Di Palembang misalnya Syihabudin bin Abdullah, ulama sebelum Abdus Samad pada abad ke 18 M, menceritakan bahwa di Palembang telah ramai dengan paham Martabat Tujuh dan menyebabkan masyarakat menjadi zindik dan sesat. Oleh karena itu, buku – buku yang membahas masalah paham wahdat al-wujud ini dilarang dipelajari, sebab di Palembang masih belum banyak guru – guru agama yang mumpuni. Pengaruh Syamsuddin juga di dapati di Buton dengan adanya undang – undang kerajaan Buton yang mengadopsi Martabat Tujuh dan adanya sifat Tuhan yang dua puluh, pada masa Sultan Dayan Ihsanudin (1597-1631). Hal ini terlihat adanya perjanjian yang dibuat antara pihak kerajaan dengan Belanda yang diwakili oleh Pieter Both pada 1613 M yang isinya antara lain bahwa Kerajaan Buton bebas intuk melaksanakan sistem pemerintahanya menurut adat setempat.

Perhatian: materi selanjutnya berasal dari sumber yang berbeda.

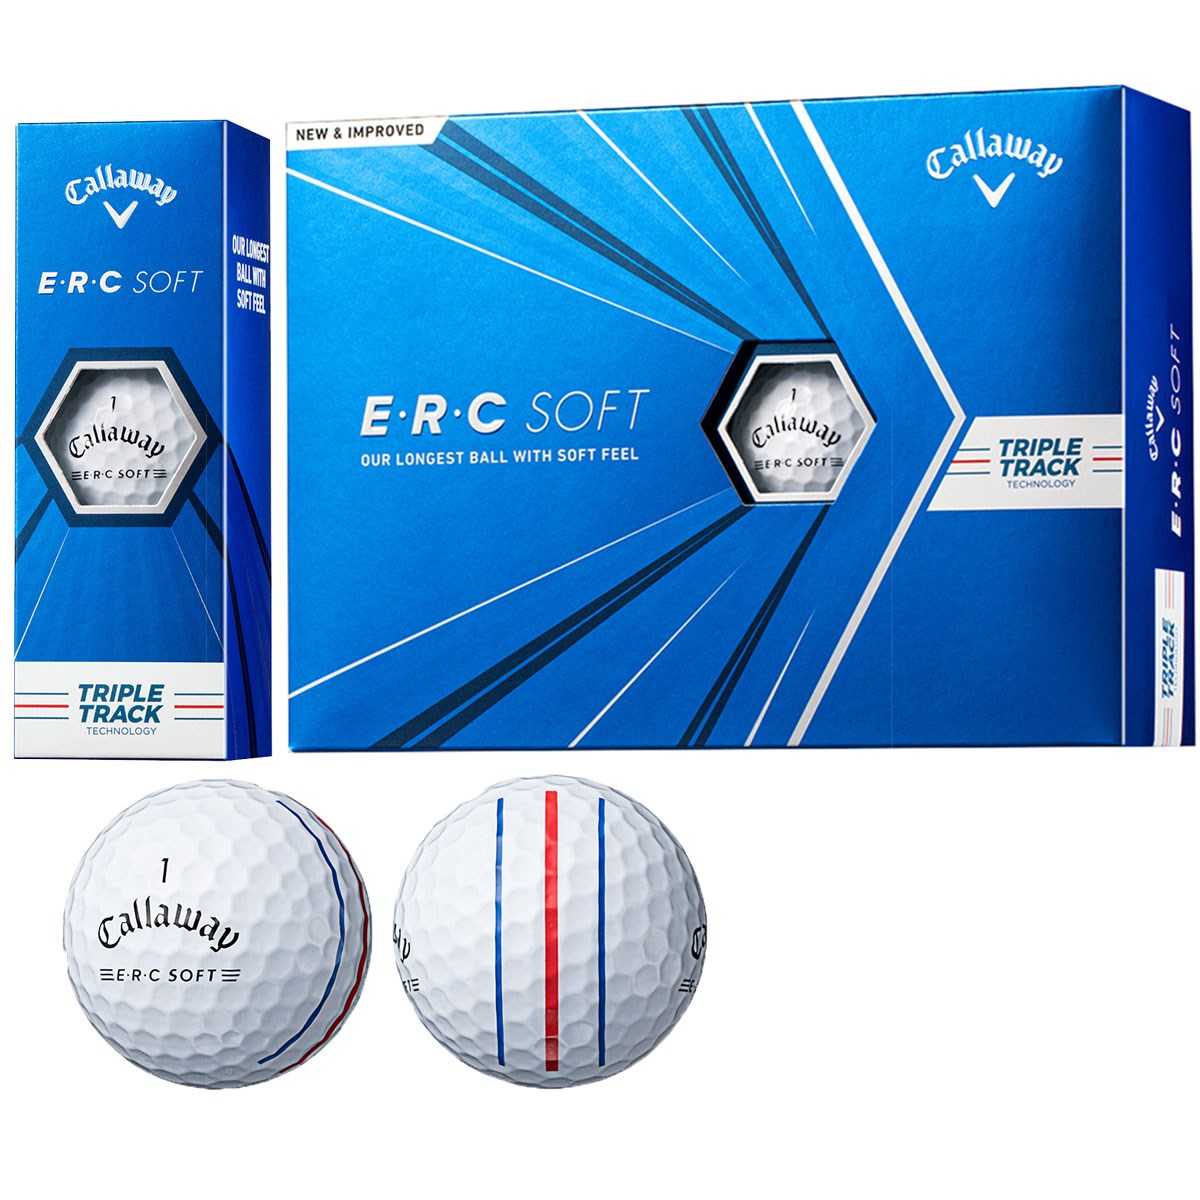 キャロウェイゴルフ(Callaway Golf) ERC SOFT 21 TRIPLE TRACKボール【2021年4月下旬発売予定】

Sementara itu di pulau Jawa, ajaran Martabat Tujuh baru berkembang pada akhir abad ke-17 M, dan dalam hal ini tampaknya lebih dipengaruhi oleh faktor Abdurrauf Al-Sinkili yang banyak memiliki pengikut terutama dalam Tarekat Syattariyah yang berkembang di Jawa. Dengan demikian, ini membuktikan pengaruh Syamsuddin Al-Sumatrani bukan hanya di Aceh melainkan tersebar di belahan Nusantara mengingat saat itu lalu lintas perdagangan dan transportasi yang cukup. (Miftah Arifin,2013:61-64)

Referensi Buku : Arifin, Miftah. 2013. Sufi Nusantara. Yogyakarta : Ar-Ruzz Media.